CS598CXZ Advanced Topics in Information Retrieval (Fall 2014)

Instructor: ChengXiang Zhai

| Home | Basic Information | Schedule |
| Readings | Assignments | Project | Resources |




Readings


Note: In general, the lecture slides are the best "definition" of the core contents -- the contents to be tested in the midterm. That is, you are expected to understand all the major points, models, and techniques that we have discussed in the class; anything beyond the slides can be regarded as optional. Thus, all the lecture slides are required readings.

Required Readings

  1. V. Bush, As we may think, 1945 .

    This is truly a classic paper. Read it to appreciate Bush's great vision more than 6 decades ago, which still has NOT yet completely realized today. As a minimum, read everything starting from section 6.

  2. IR History

    This is a concise and complete review of the history of IR research up to 2010. It gives an excellent historical view of some of the most important major ideas and techniques and their application impact. Read the whole article without worrying about understanding all the details.
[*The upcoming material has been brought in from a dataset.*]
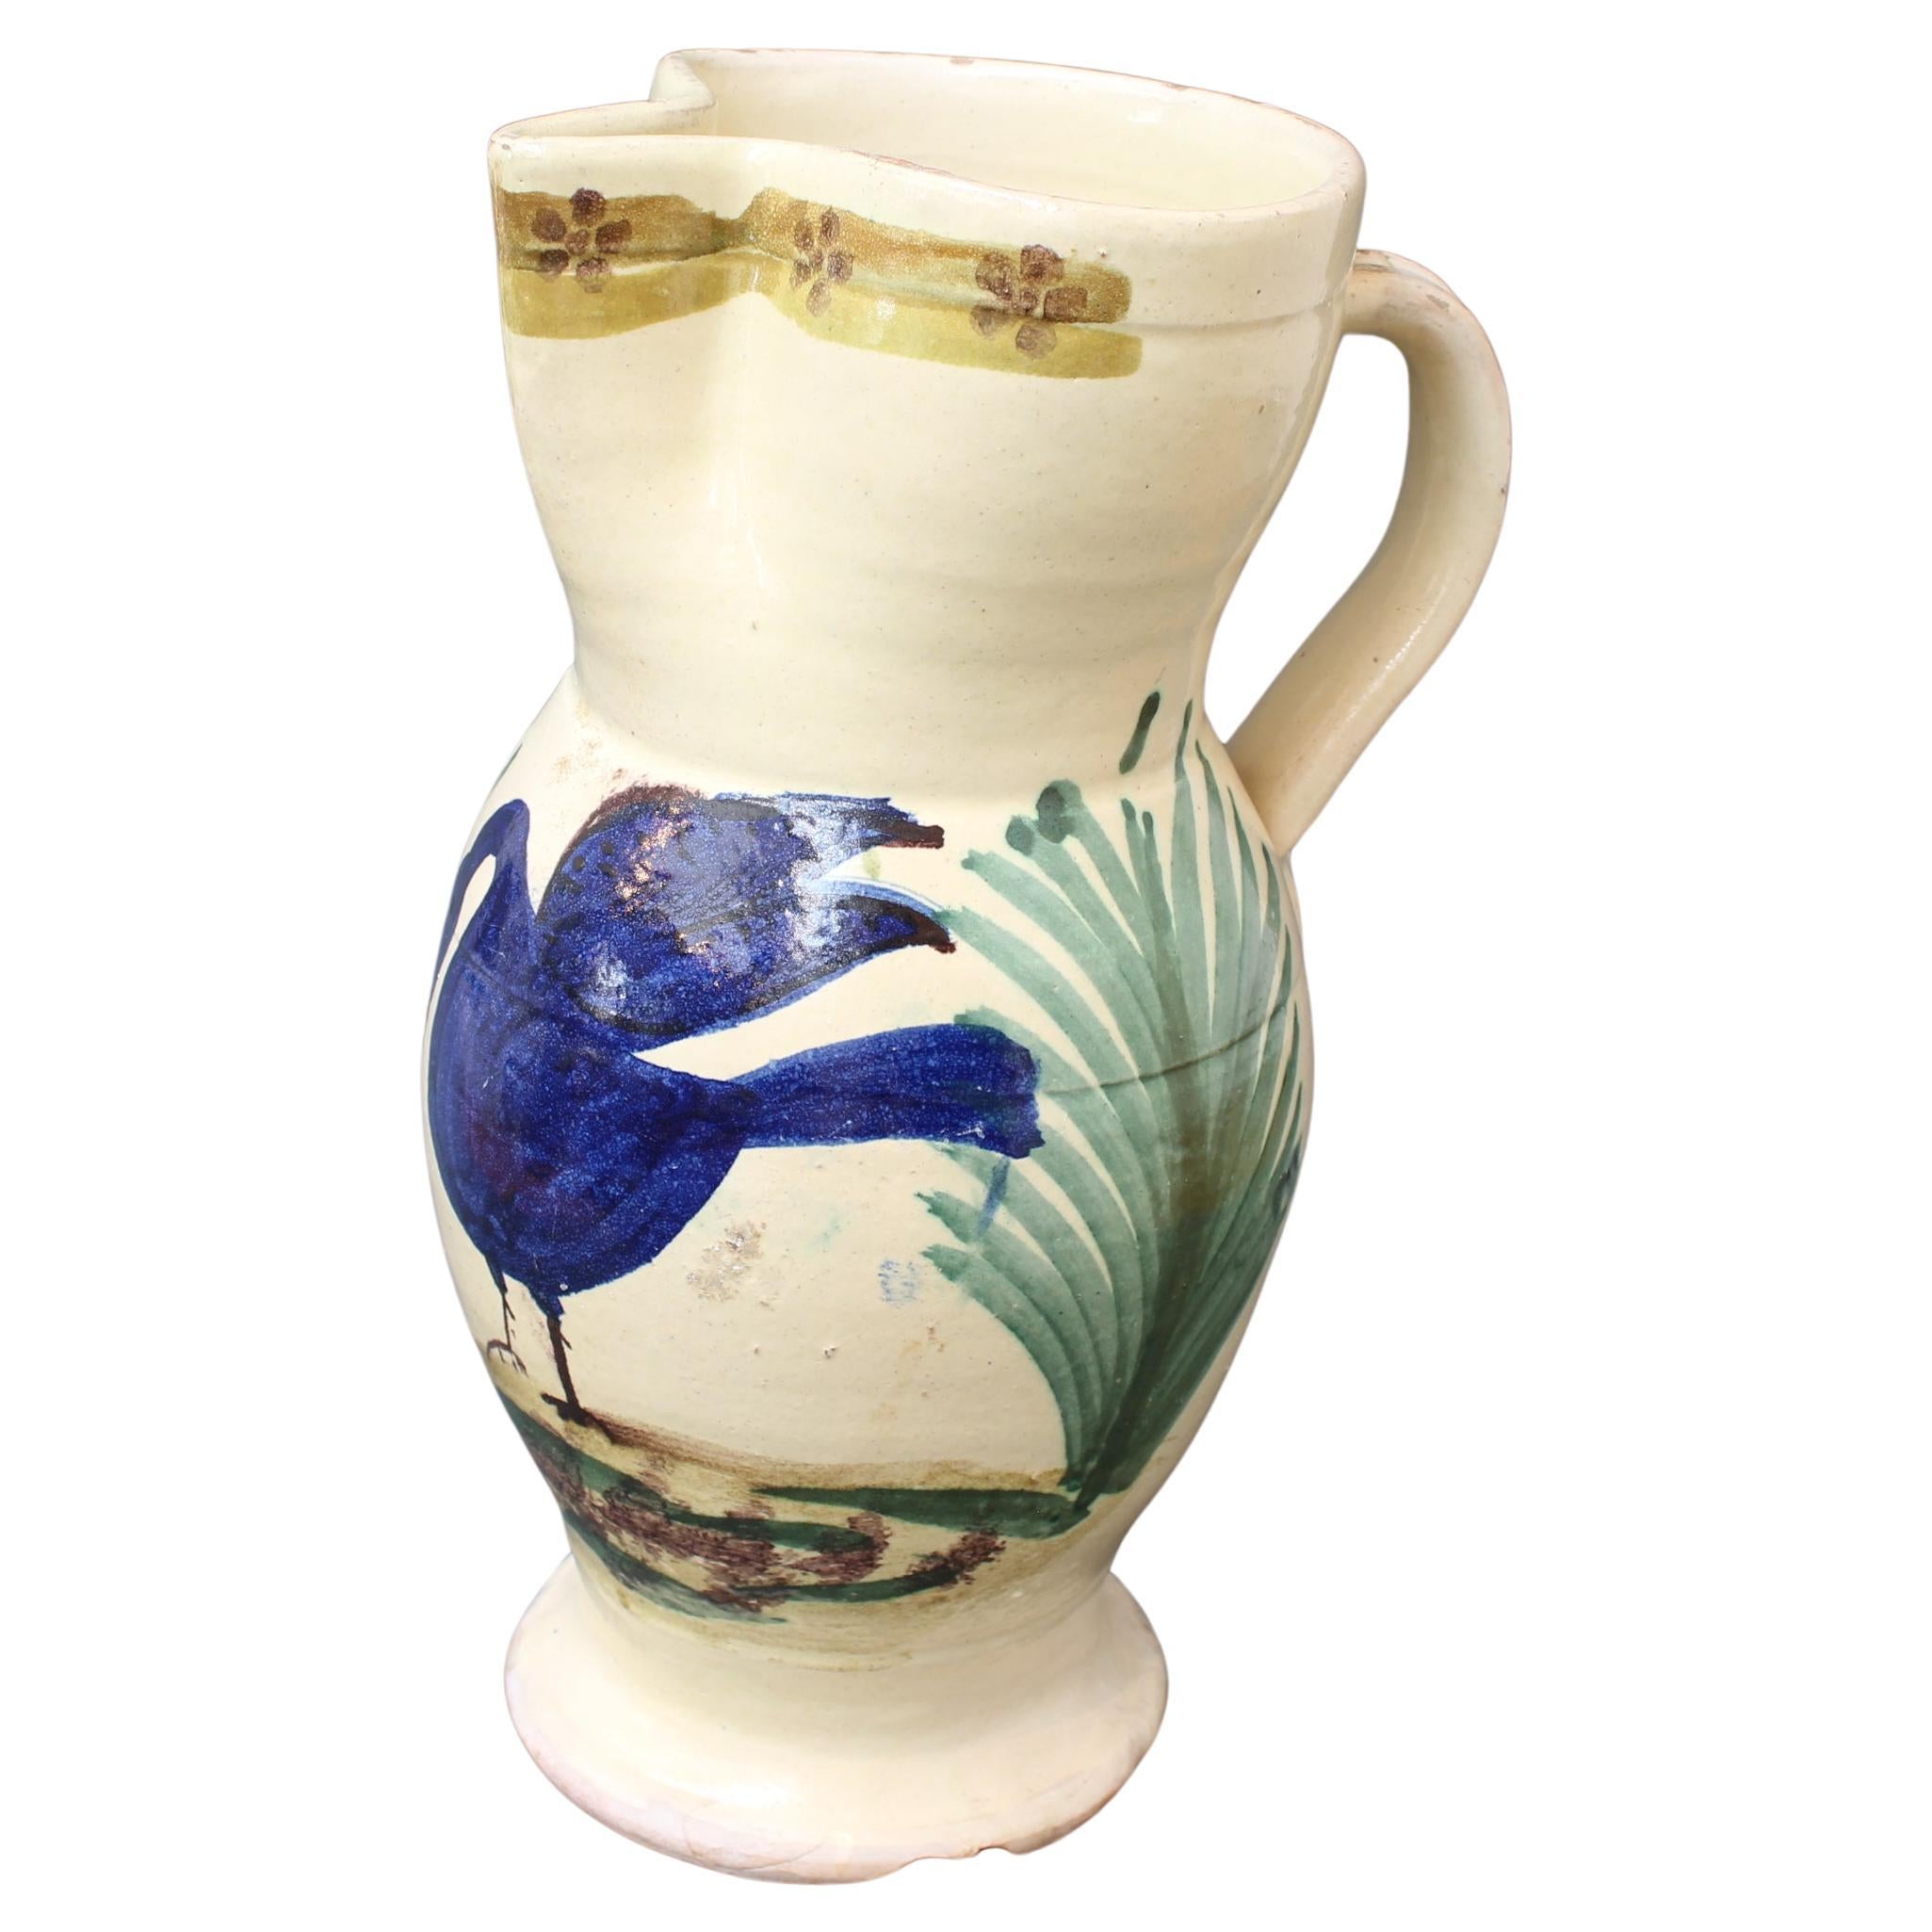 Ceramic antique water jug from Puglia in the South of Italy (circa late 19th C). A delightful example of a Pugliese pitcher decorated and shaped in the traditional way of the 19th Century. A gorgeous swan is painted in cobalt blue with greenery on
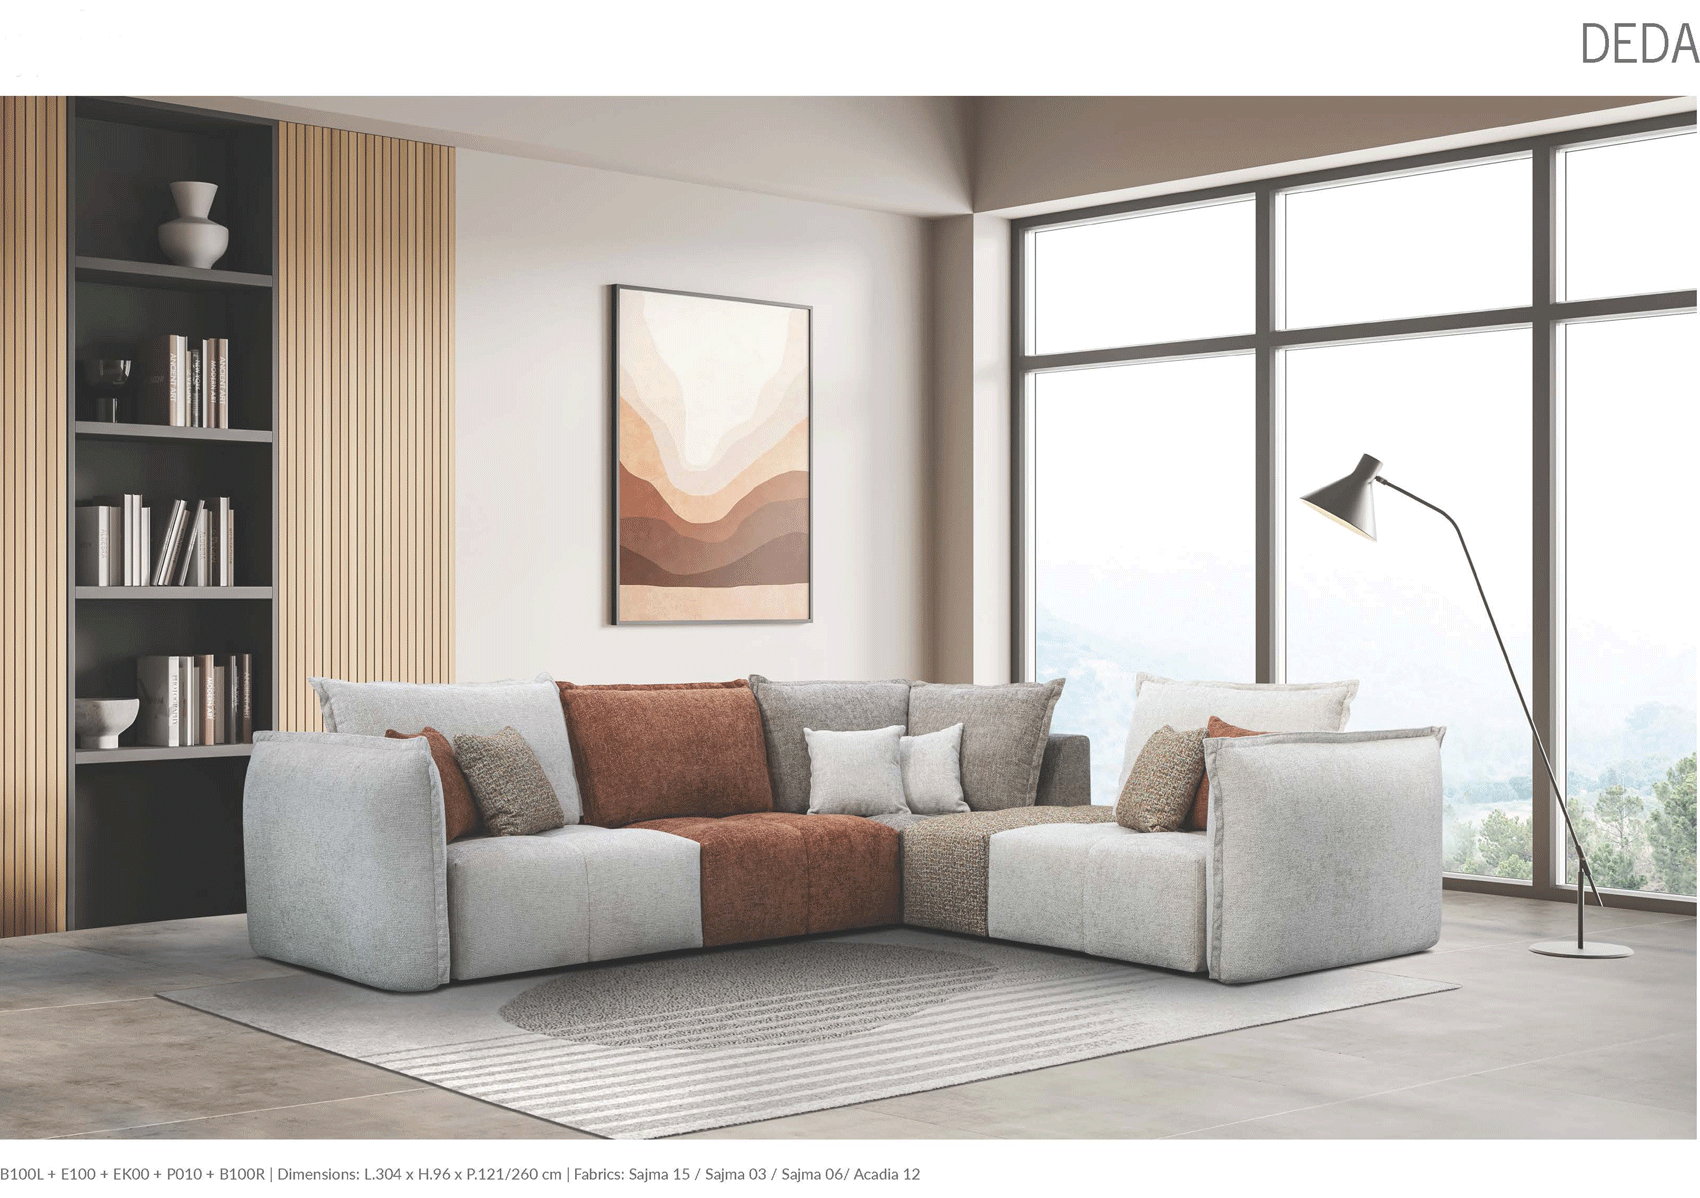 Living Room Furniture Reclining and Sliding Seats Sets Deda Sectional

  3. A. Singhal, Modern Information Retrieval: A Brief Overview, In IEEE Data Engineering Bulletin 24(4), pages 35-43, 2001. (Error)

    This is an excellent overview paper of IR (up to 2001 obviously) slightly biased toward empirically effective techniques. Your goal of reading it is to know about the general history of IR and a summary of IR techniques from empirical perspective. Read the whole paper.

  4. Rosenfeld's notes (estimation and information theory)

    The goal of reading these notes is to know about some basic concepts in probability, statistics, and information theory. You should read at least Section 3 of the estimation note and all of the information theory note except for section 1.1.6. You should fully understand the derivation of the maximum likelihood estimate for the binomial distribution, and most of the contents in the information theory notes. If you can't understand these, you may want to read relevant discussions in a textbook on probability and statistics, and a book on information theory. Any book on these topics should be sufficient.

  5. [Singhal et al. 96]

    This is a good example of an empirical exploration of retrieval models. Read the entire paper to understand how the pivoted length normalization formulas was derived through experimental study. Read the whole paper.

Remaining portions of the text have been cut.